The literature review indicates that many researches worked on the preventive maintenance scheduling area for some components, but there is a gap to design PM schedule based on the utilization of the FMEA method, with detail consideration of modes of failure to decide PM activities for all system components as a “complete system”. A whole system is optimised by dividing its components based on different failure modes into FMEA Blocks, and then optimise each FMEA block separately based on preventive replacement interval. Besides, the above researches aimed at minimisation of system costs but failed to consider level of impact of failures to the operations and performance of some partially working systems. Consideration of how the system fails is necessary for complex systems to keep continuity of production outputs during performing maintenance. None of these has been adopted in the previous works.
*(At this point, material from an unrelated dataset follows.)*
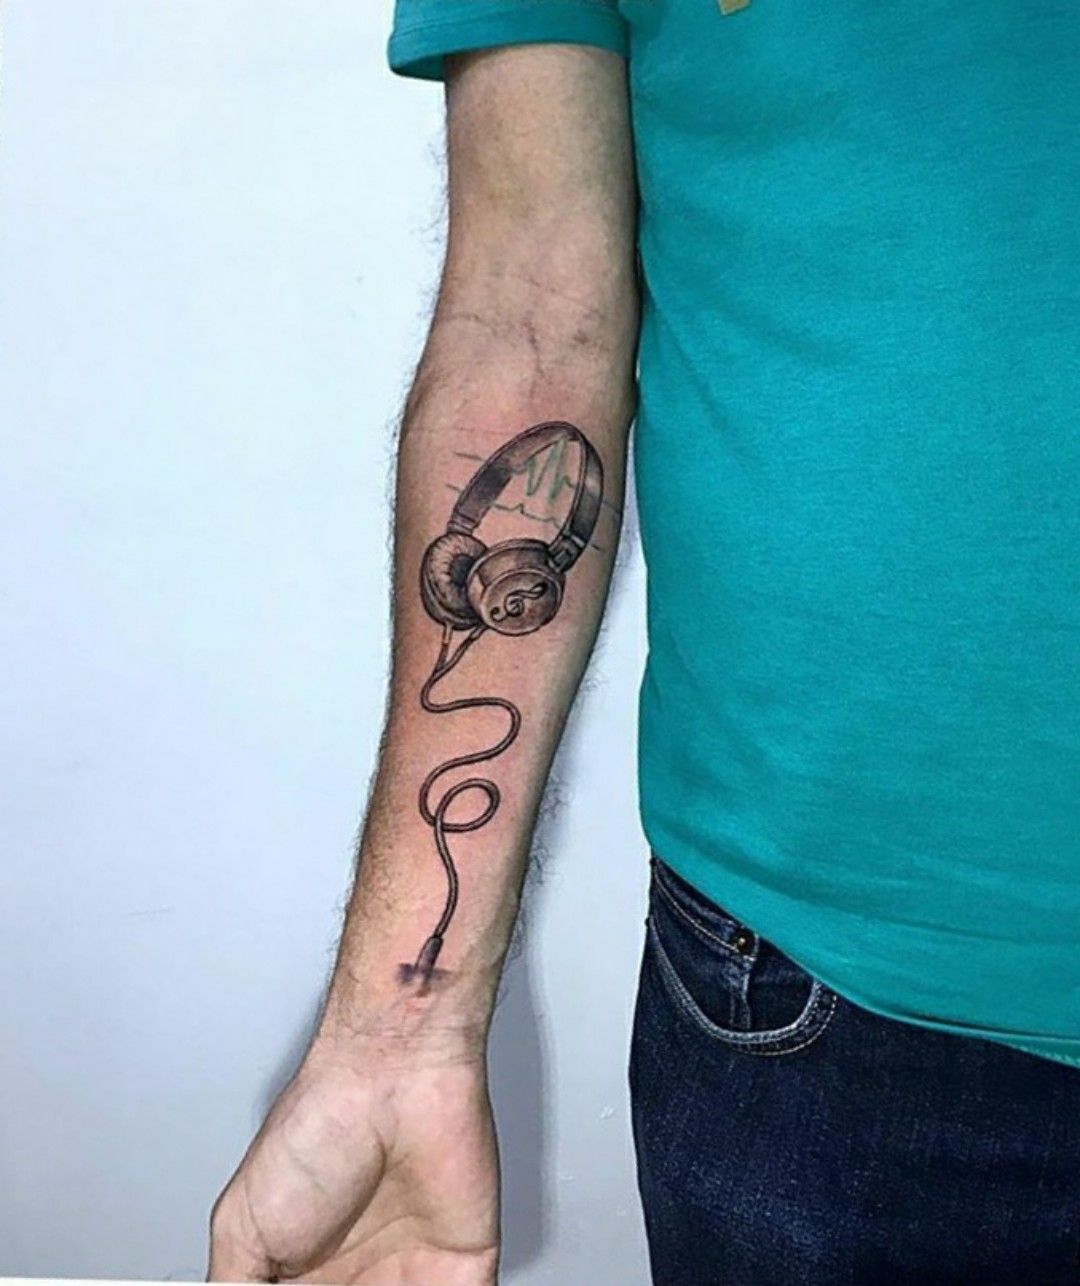 Submundo Tattoo e Piercing - Tattoo Lettering na mão e desenhos no dedo,  saco de dinheiro, caveira, metralhadora e um microfone #tatuagem #tattoo  #submundotattoo #ideiastattoo #tatuagembrasil #tattooed #tatuagemideias  #paranagua #tatuagemparaná

3 System Reliability in Block

Through the running of the system, reliability can clearly and efficiently reflect the system’s state, moving from one to zero. In this study, complex system reliability is evaluated based on its reliability diagram. The diagram of reliability is drawn as a series of parallel or series-configured blocks. This diagram is necessary to determine the impact of the failure on the system, i.e., can it still operate partially.

Many failure distributions may be used to model the component failure distribution, faults, and the lifecycle stages of components. The exponential survival function MTTF is a useful approach when a system is in a running situation. In this research, the entire system components have distributions of exponential failure under the assumption of changing failure rate at all times. Because of the approach’s tractability, it is common to analyse system reliability using the exponential distribution to model failure. Another good argument in support of the exponential method is the viewpoints of the users (Das, 2008). The exponential model is simple to estimate and apply, and it has been shown in the literature to provide strong approximations to system failure distributions (Diallo et al., 2001; Savsar, 2000; Yazhau et al., 1995). The exponential survival function MTTF is a useful approach when a system is in a running situation.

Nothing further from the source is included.